I need to thank Viswanadha Puduru Reddy and Dario Bauso for having taught me the basics of mean-field games I’ve presented here! I’m also glad to announce that Roland Malhamé, one of the founders of mean-field games, has read and appreciated this article.

## The Main Idea

Sometimes large numbers are much simpler than small ones. The core idea of mean field games is precisely to exploit the smoothing effect of large numbers. Indeed, while game theory struggles with systems of more than 2 individuals, mean-field games turn the problem around by restating game theory as an interaction of each individual with the mass of others.

What do you mean?

Imagine a fish in a schooling. In classical game theory, it reacts to what other fishes nearby do. And this is very complicated, as there is then a huge number of interactions between the different fishes. This means that classical game theory corresponds to a long list of highly coupled equations. Don’t worry if you don’t get what I mean. In essence, my point is that the classical game theory model becomes nearly impossible to solve with as little as 3 fishes, and it gets “exponentially harder” with more fishes.

I’m using very loosely the concept of “exponentially harder” here! That’s not good and you should not do that! But, basically, a way of understanding that is that the number of states grows exponentially in the number of fishes.
So, how are things in mean-field game theory?

They are cleverly thought! In mean-field game theory, each fish does not care about each of the other fishes. Rather, it cares about how the fishes nearby, as a mass, globally move. In other words, each fish reacts only to the mass. And, amazingly, this mass can be nicely described using the powerful usual tools of statistical mechanics!
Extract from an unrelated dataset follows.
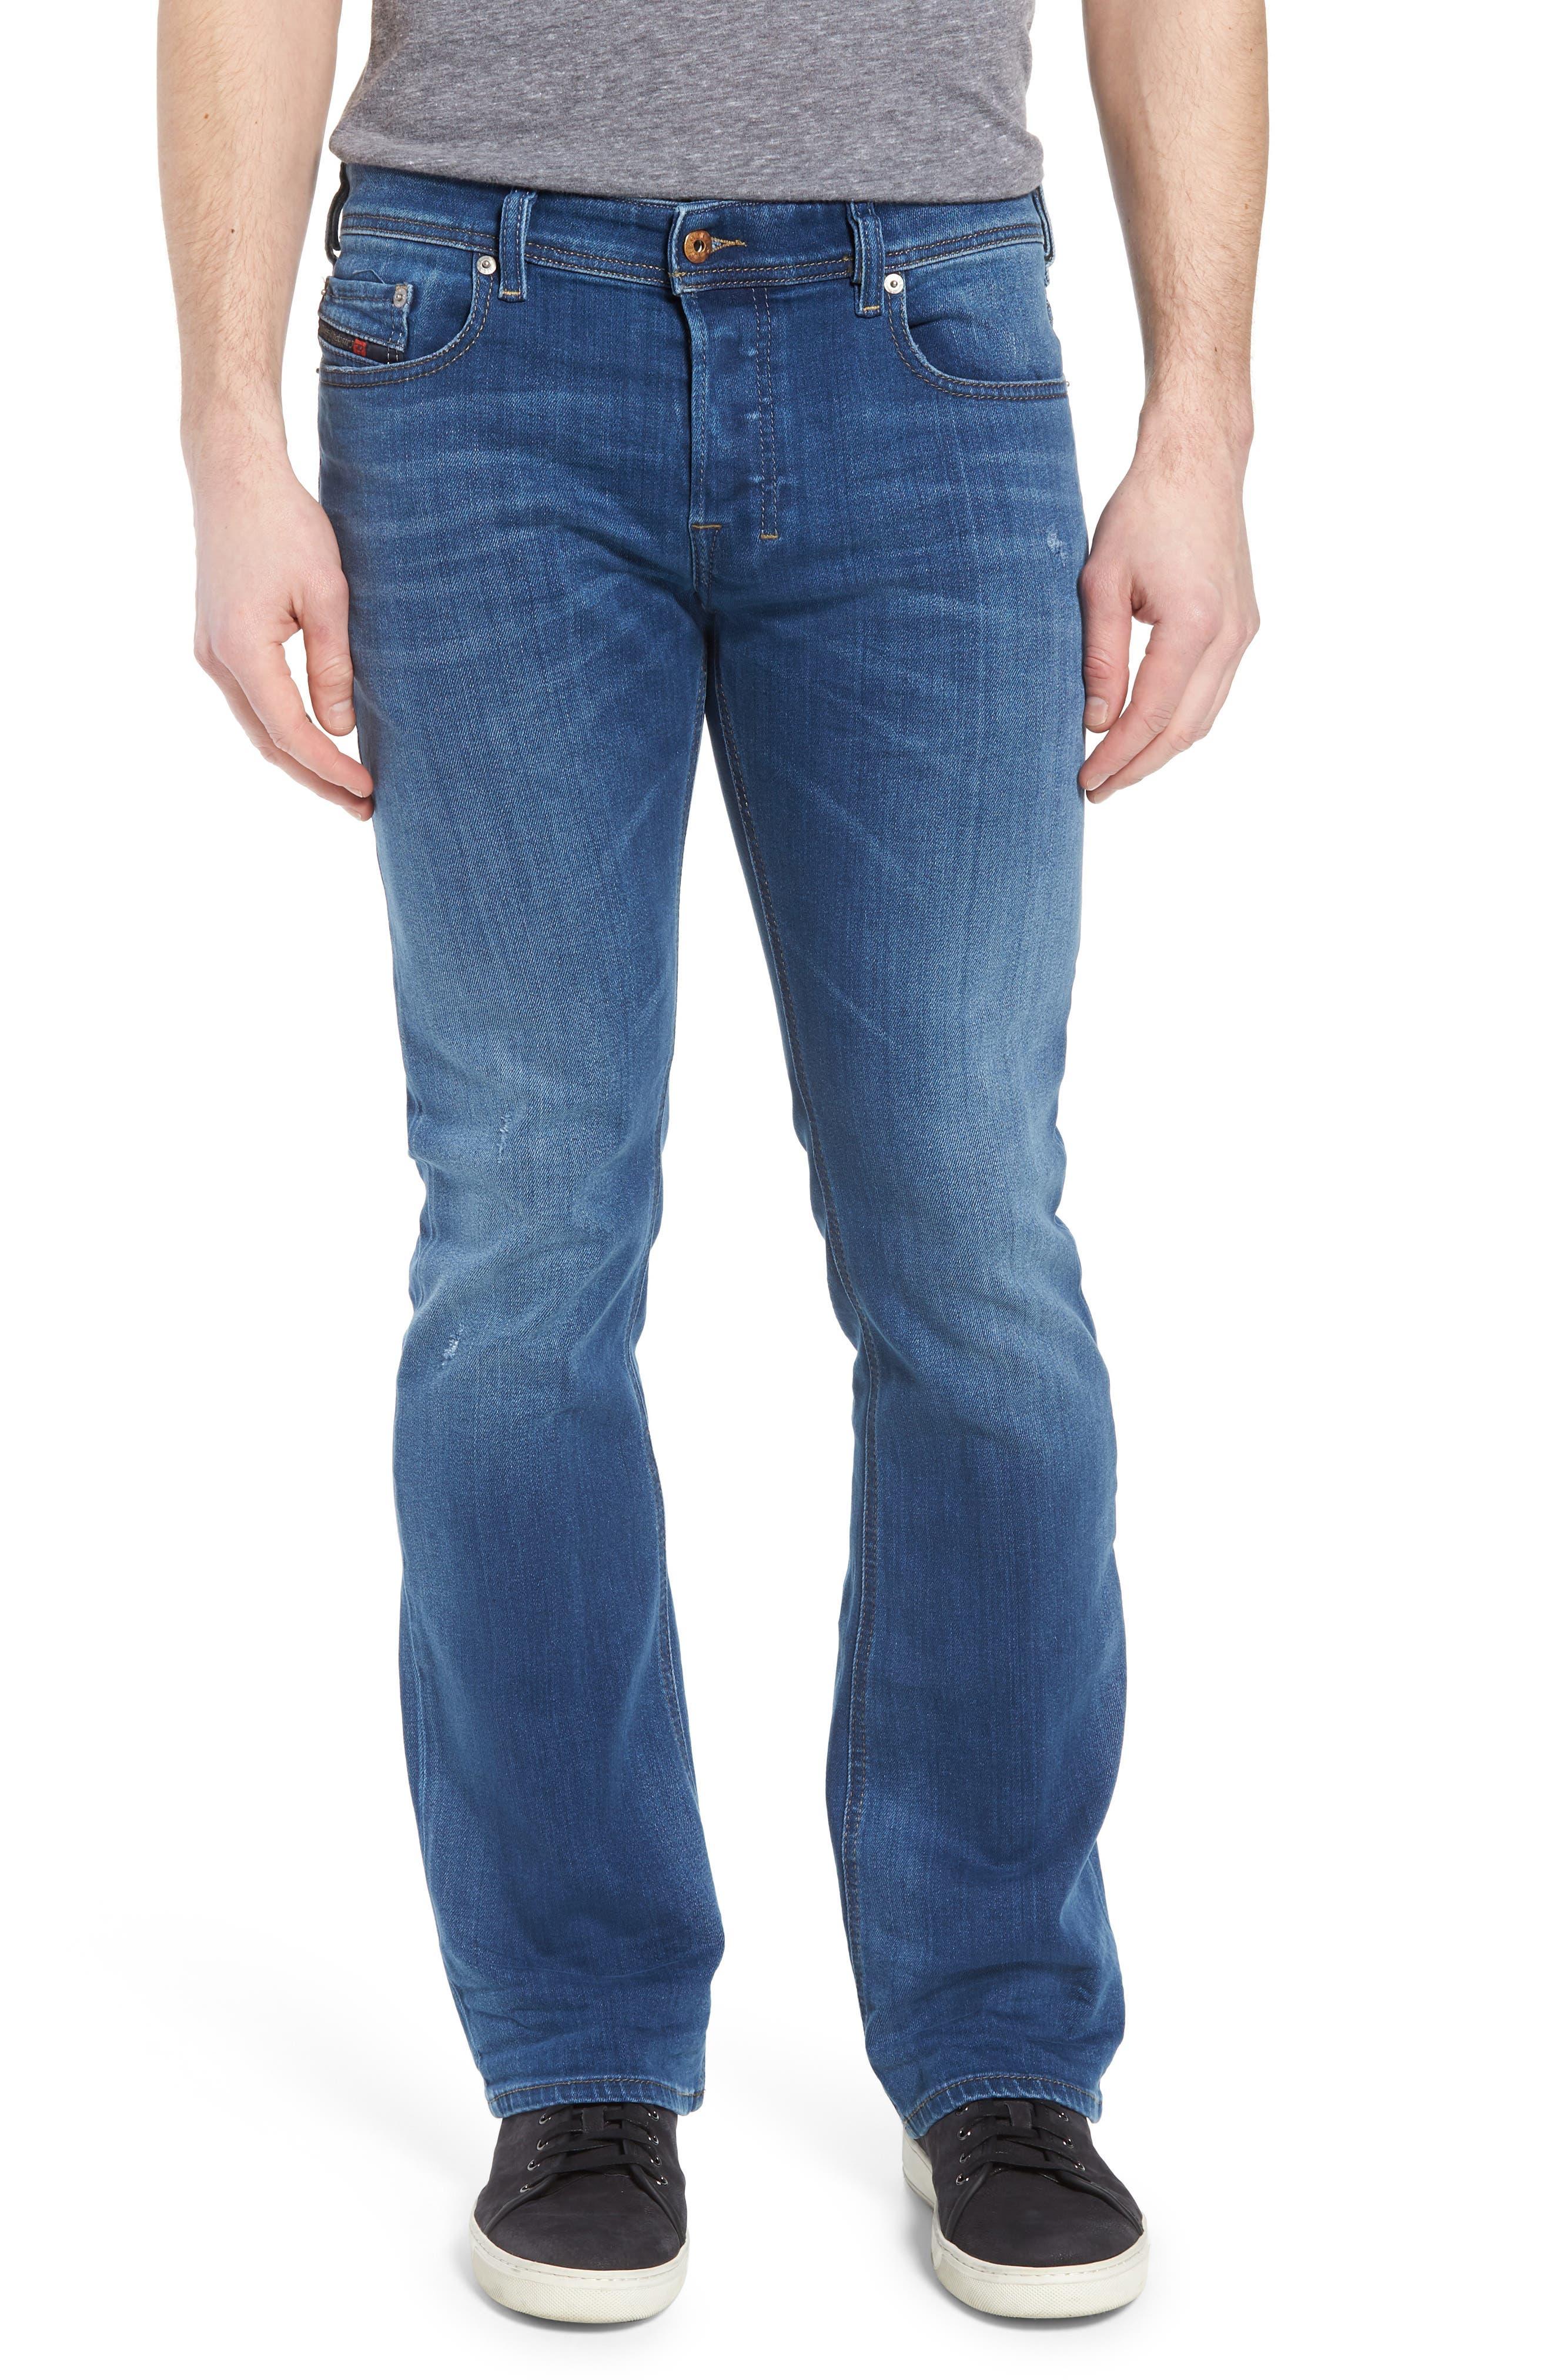 Zatiny Bootcut Jeans,                             Main thumbnail 1, color,                             Denim

But how do we know what the mass does?

Granted, the motion of the mass is necessarily the result of what each fish does. This means that we actually still have coupled equations, between each fish and the mass.
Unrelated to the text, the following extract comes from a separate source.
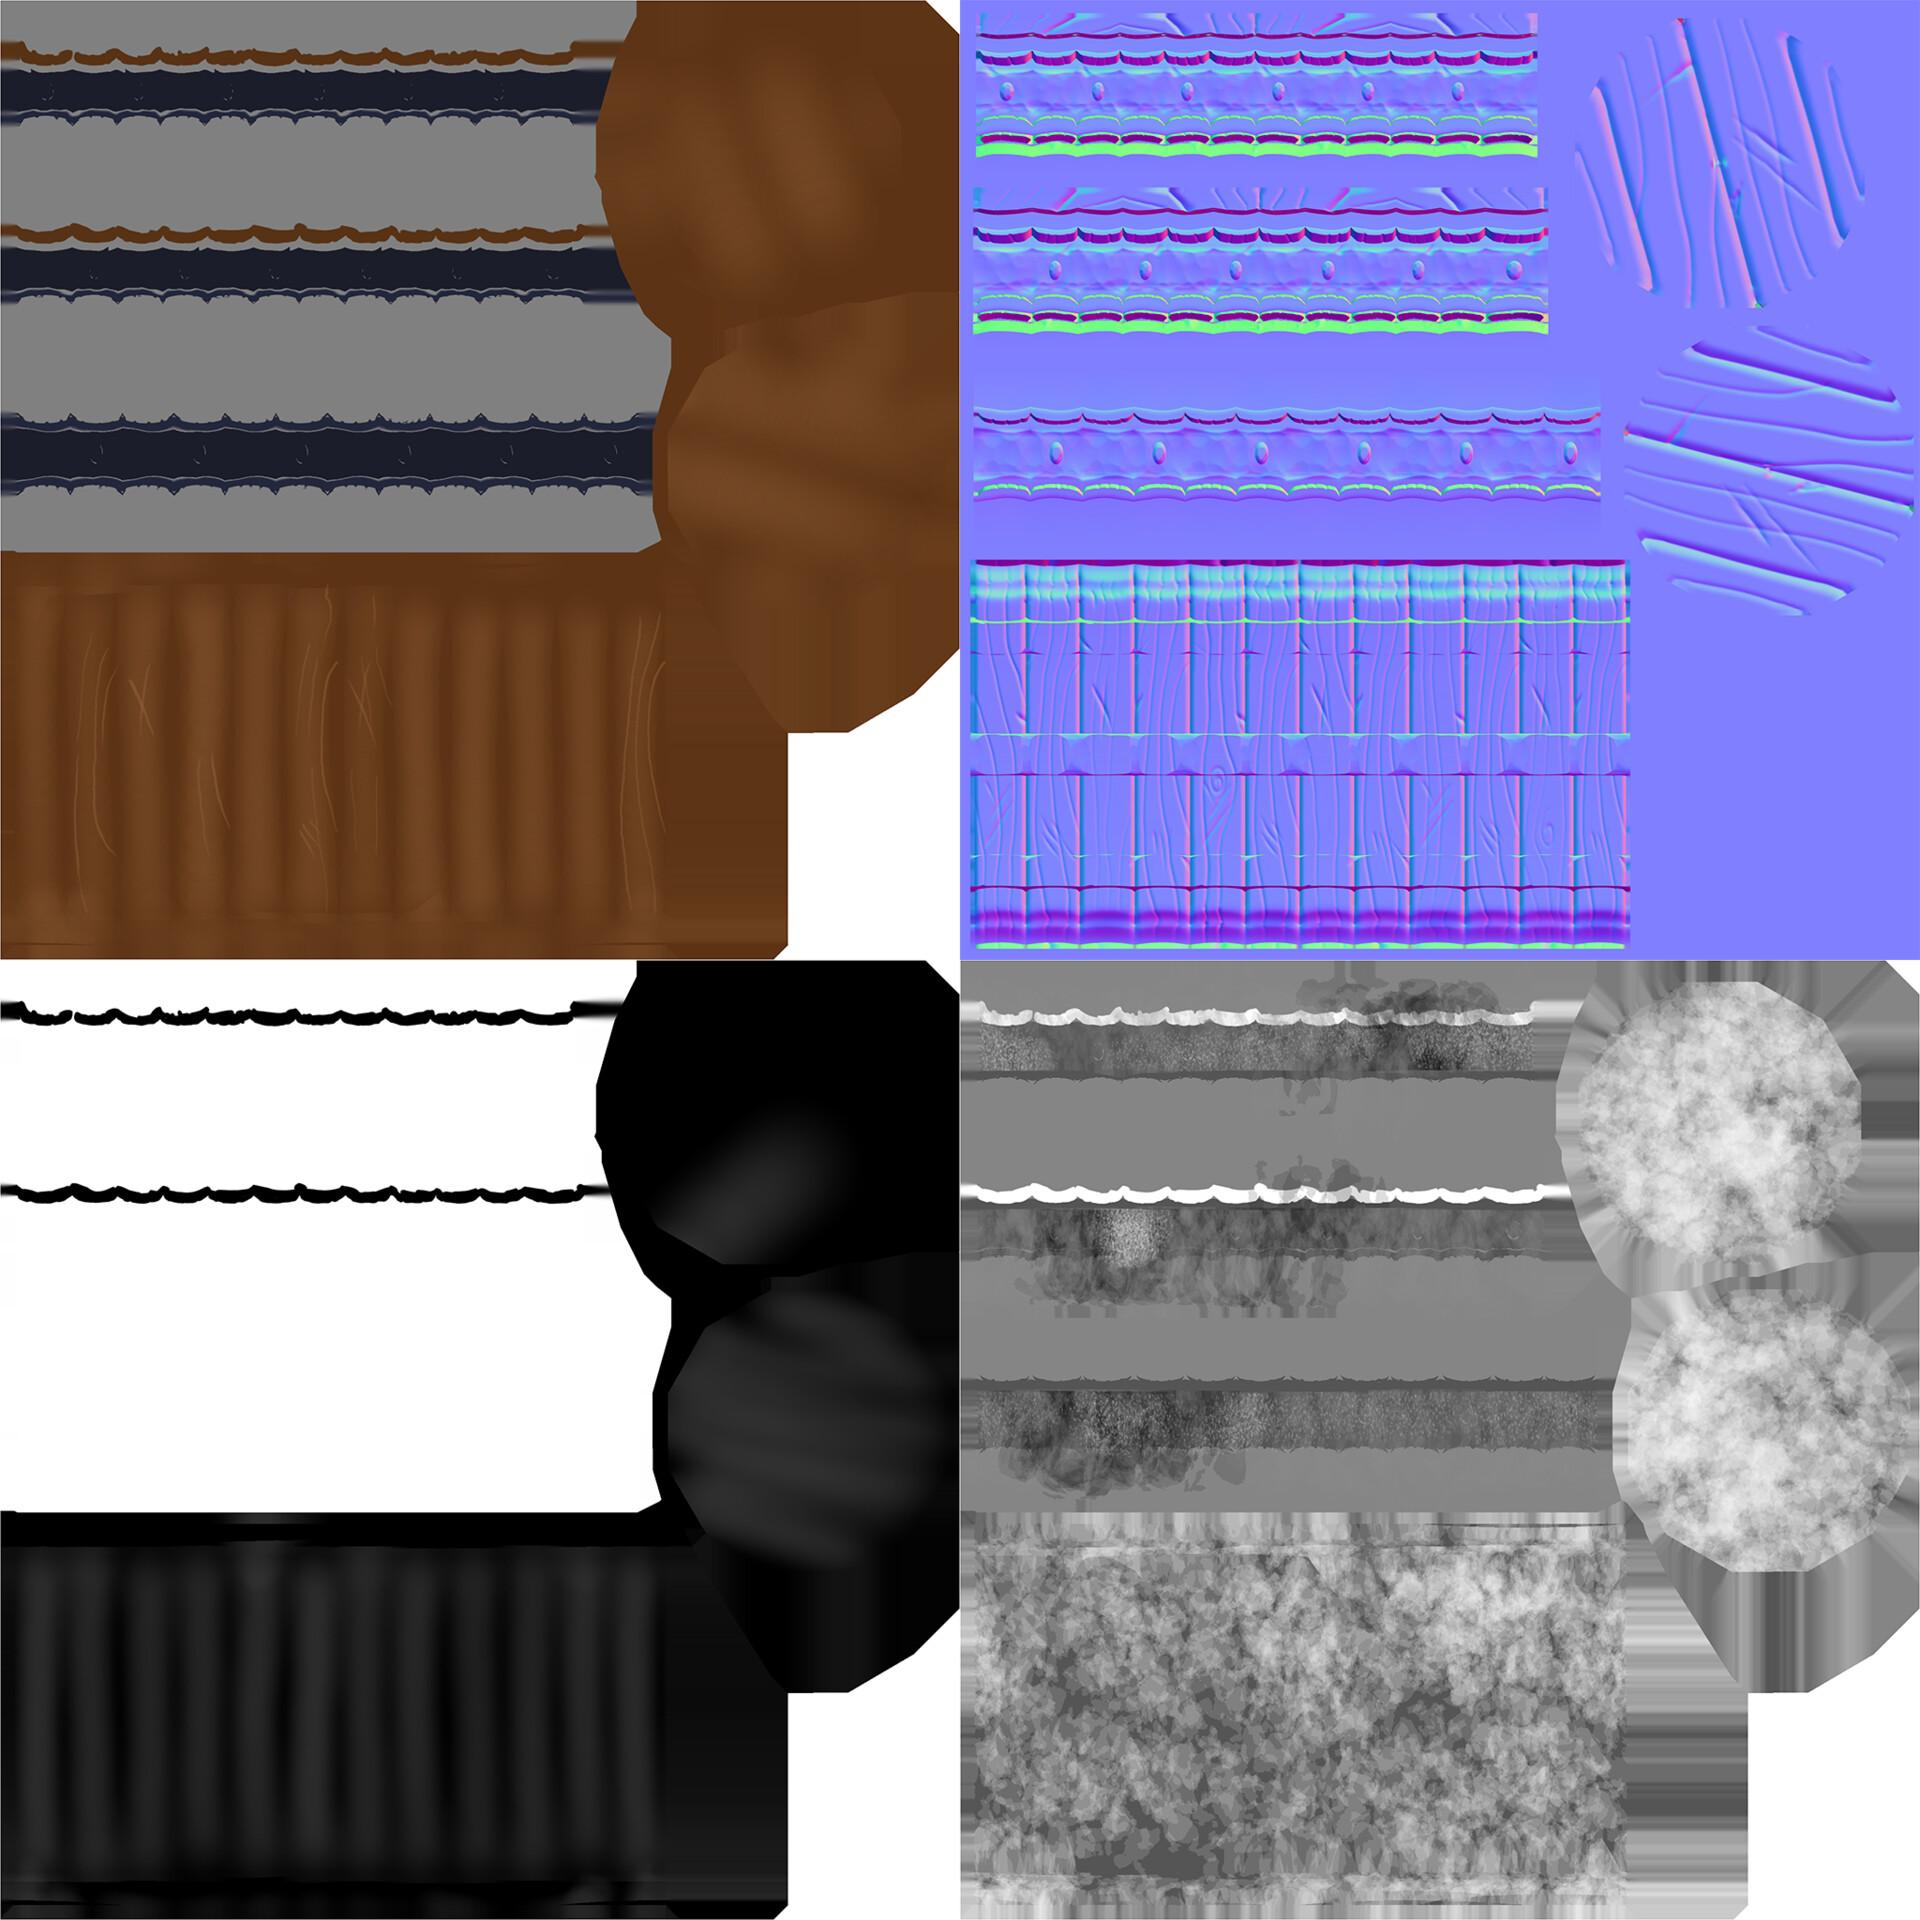 Judie thai barrel textures

On one hand, the reaction of fishes to the mass is described to the Hamilton-Jacobi-Bellman equation. On the other hand, the aggregation of the actions of the fishes which determines the motion of the mass corresponds to the Fokker-Planck-Kolmogorov equation. Mean-field game theory is the combination of these two equations.

Waw! This sounds scary…

Don’t worry, it sounds way more complicated than it really is! Bear with me!

## Hamilton-Jacobi-Bellman

Before getting further, I need to have you pondering upon a simple question… What can fishes do?

They can move however they want, can’t they?

I’m not sure Newton would have liked this answer… Isn’t it rather acceleration that’s in their control?

Oh yeah. And there’s also the water currents…

Humm… This is getting complicated. So, let’s assume that, as you first said, fishes can move however they want. Mathematically, this means that they control their velocity, which is an arrow which points towards their direction of motion. Plus, the longer the arrow the faster fishes swim. So, at any time, a fish controls its velocity, depending on where it is, and where the mass is.

Where are you going with this?

I’m going to define one of the two main objects of mean-field games: the control $u$. A control is a choice of velocity depending on position and time. Crucially, if all fishes are similar, then they all have the same optimal control. Thus, we only need one control $u$ to describe the actions of all the fishes!

Formally, fishes live in a space $\mathbb R^n$ (or even, a manifold), with $n=3$ for the case of real fishes. Denoting $x \in \mathbb R^n$ the position and $t \in \mathbb R$ the time, then a control is a map $u : \mathbb R^n \times \mathbb R \rightarrow \mathbb R^n$, where $u(x, t) \in \mathbb R^n$ is the velocity chosen by a fish located at position $x$ at time $t$.
What do you mean by “optimal control”?

Hummm… The concept of what’s a best control for fishes is quite debatable. But, for simplicity, let’s say that a good control should get fishes close to the schooling where it is safer, while avoiding abusing great velocities which are fuel-consuming.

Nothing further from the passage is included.